Pour les journaux quelques pistes ont aussi été proposées avec insistance:
- Séparer les business « journalisme » du reste, y compris des imprimeries et de la distribution. Pour garder son journalisme, le Washington Post, comme le NYTimes, le financent avec des activités connexes (éducation, sites marchands…).
- Annoncer à l’avance une date butoir d’arrêt du « print », expliquer au lectorat les problèmes actuels et les projets à 3/5 ans pour en sortir.
- Booster le web, et pour le print, devenir des magazines hebdomadaires.
Enfin, dans un tel environnement où les solidarités peuvent être inventives, surtout pour un média global, comment ne pas regretter l’absence quasi-totale des professionnels français à cette conférence (sauf erreur, je n’y ai vu que David Botbol de France Télévision Interactive) où nombre de britanniques, espagnols, scandinaves, allemands, brésiliens, canadiens étaient présents ?





Comments
Nous sommes dans une période de transition, la publicité va prendre de la valeur a fur et à mesure sur l'Internet. Le modèle papier a selon moi que très peu d'avenir mais les annonceurs auront toujours des trucs à vendre il faudra donc faire de la promo ailleurs que dans nos canards, le web c'est l'avenir du marketing, il faut juste attendre que le marché évolue je crois.
D'accord avec vous mais tout le problème est de savoir combien de temps les journaux auront le temps de tenir avant que le web devienne une source sérieuse de revenus.
Au 2eme trimestre, pour la 1ère fois, la pub dans les journaux a même reculé d'une année sur l'autre.
Il m'est d'avis que la croissance de la publicité sur Internet va être tirée surtout par des effets de volume et à la marge en valeur.
De plus la publicité à "valeur" sur Internet ne concerne pas nécessairement les journaux papiers reconvertis mais davantage les blogs "rémunérés" ou publicité virale.
En outre, et l'article le rappel, les coûts d'entrés sur le marché de l'internet est très faible ce qui permet une concurrence de plus en plus rude pour attirer les annonceurs.
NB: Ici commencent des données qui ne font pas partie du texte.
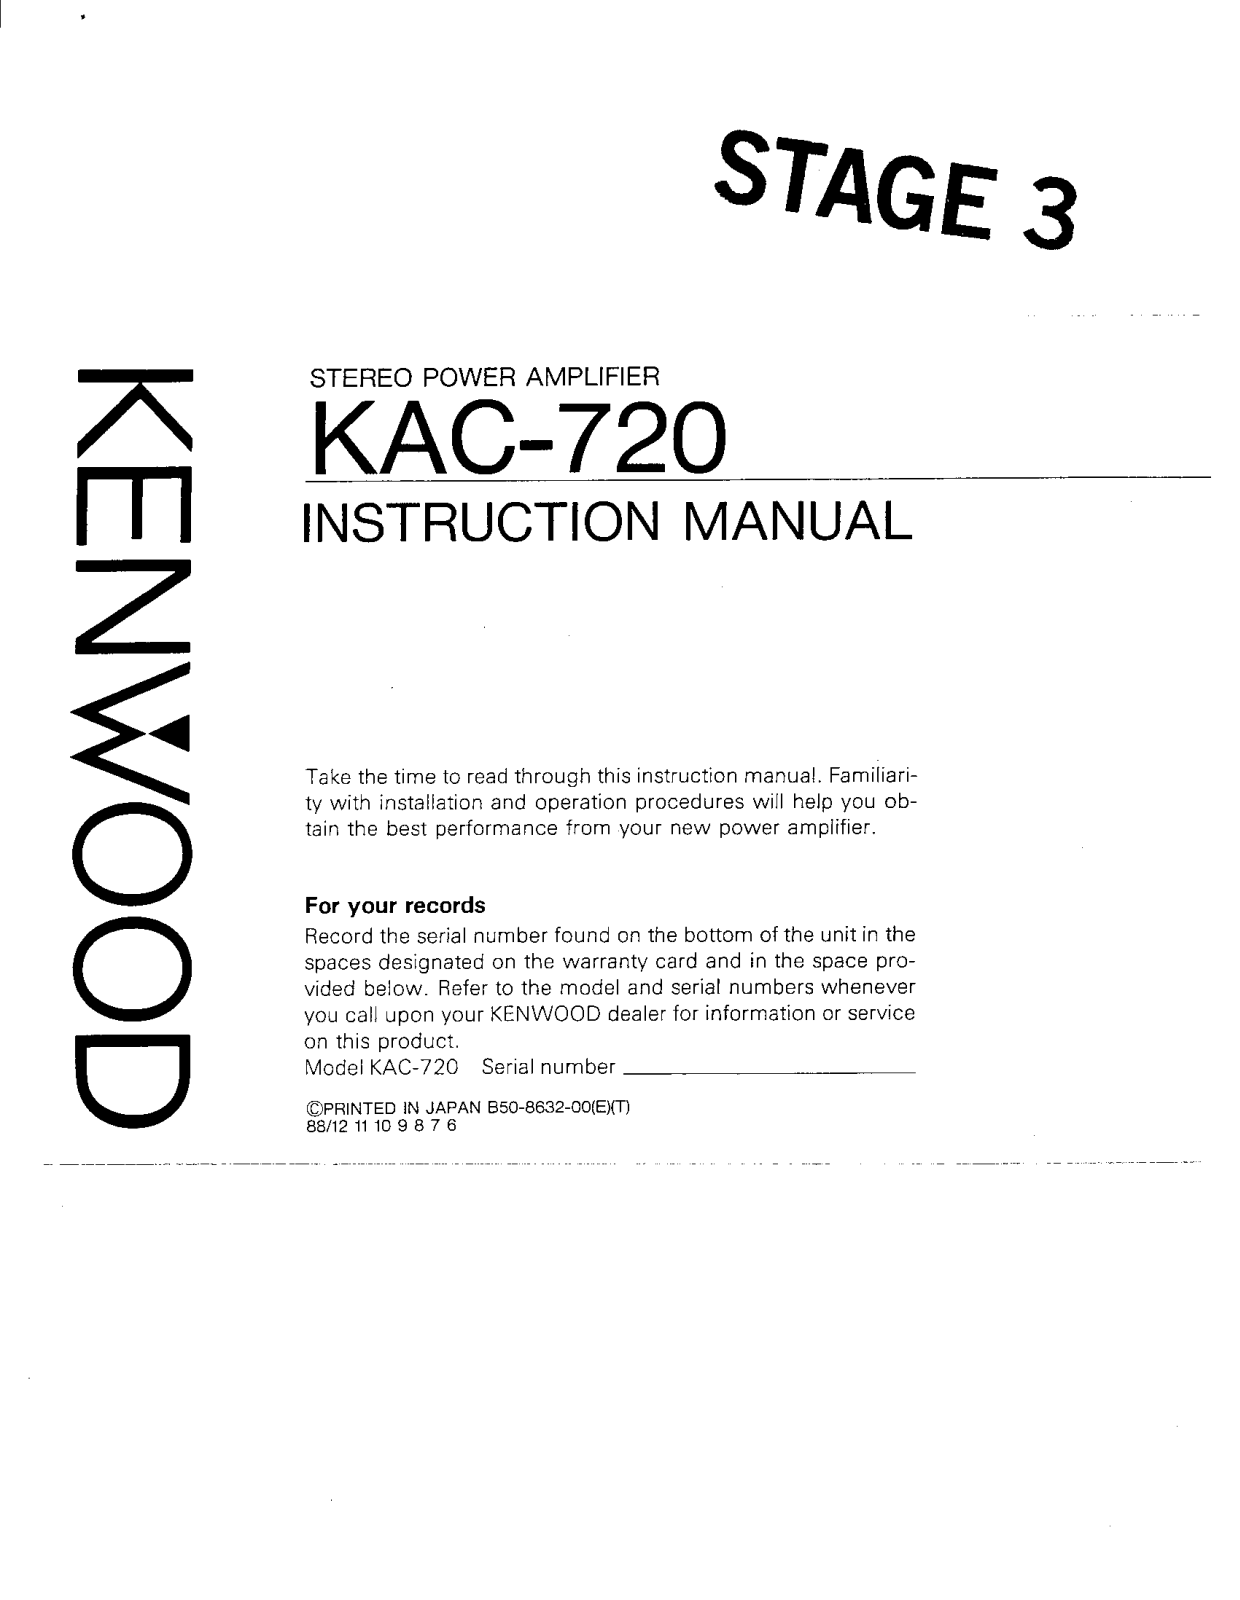 Kenwood KAC-720 Owner's Manual
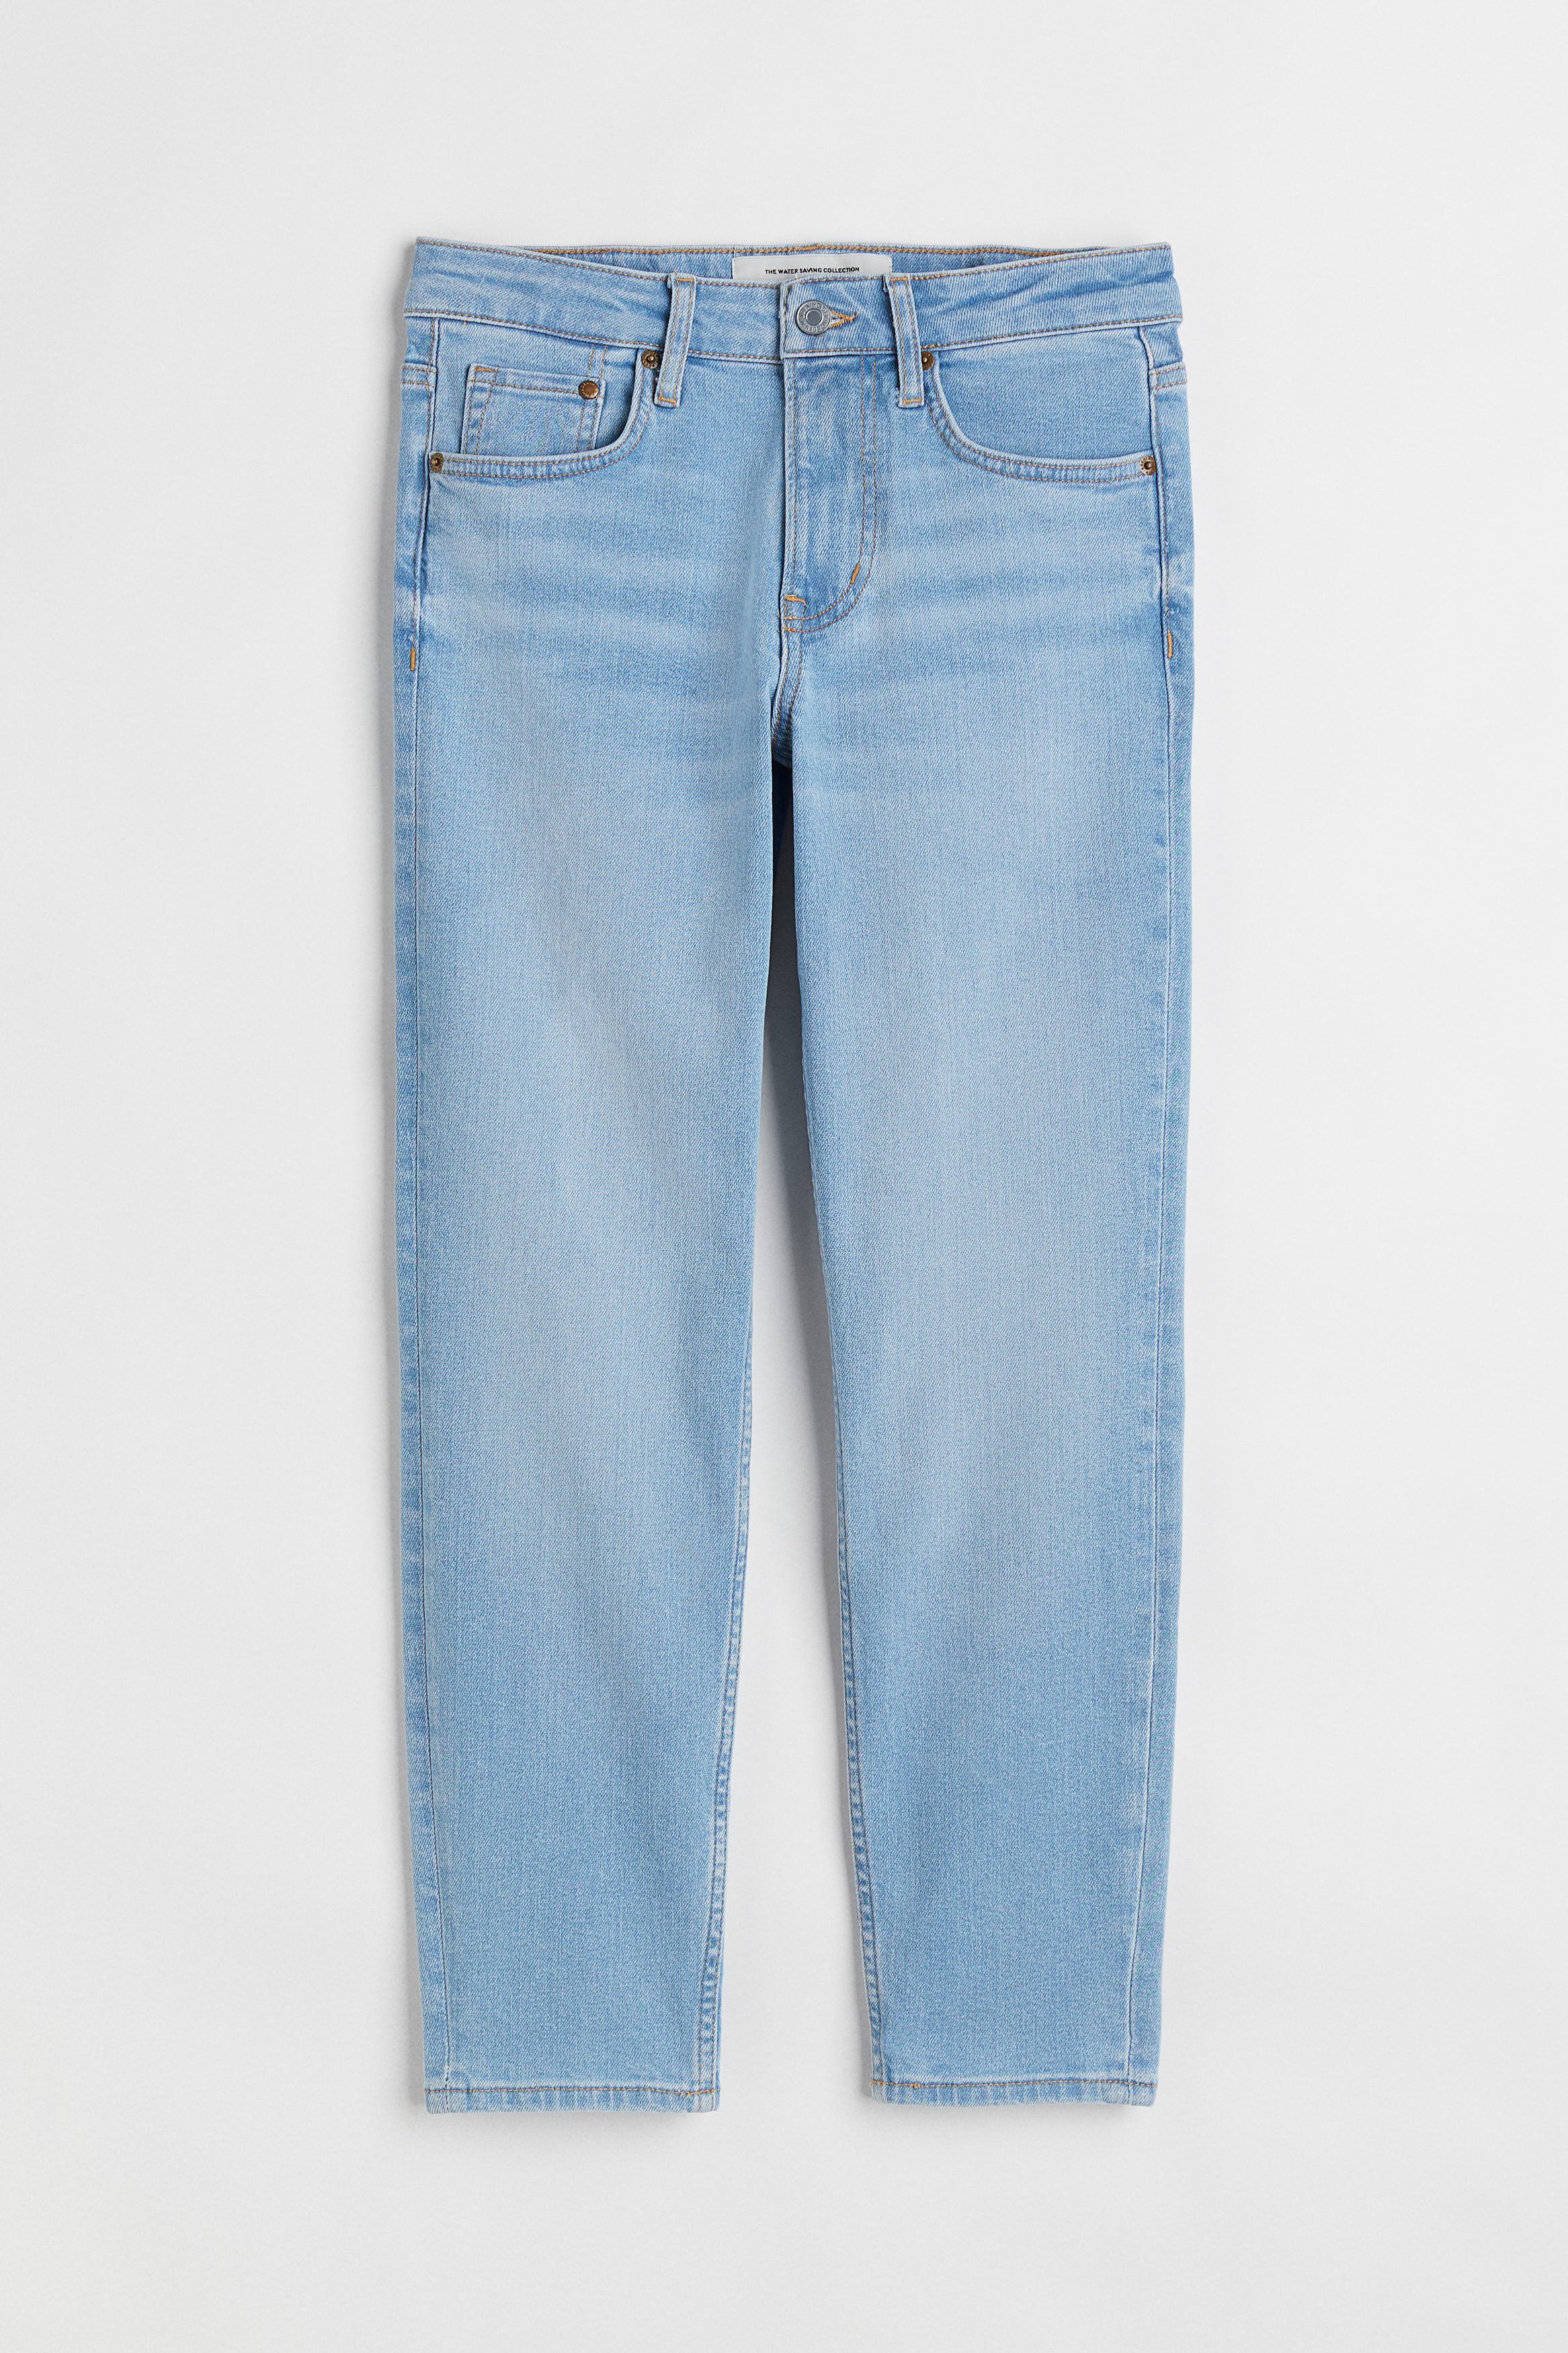 Billede af H&M 90s Skinny Regular Ankle Jeans Lys Denimblå, jeans. Farve: Light denim blue I størrelse 32

Ce phénomène va dans le sens d'une croissance en volume de la publicité et non en valeur. Cela ne convient pas aux journaux qui créent des contenus dont les coûts de production (maintien du rédaction type papier) sont élevés. Ce dilemme confirme la difficulté pour les journaux papiers de s'adapter à l'internet qui est un média offrant des perspectives de revenus mais trop faibles par rapport à leurs coûts.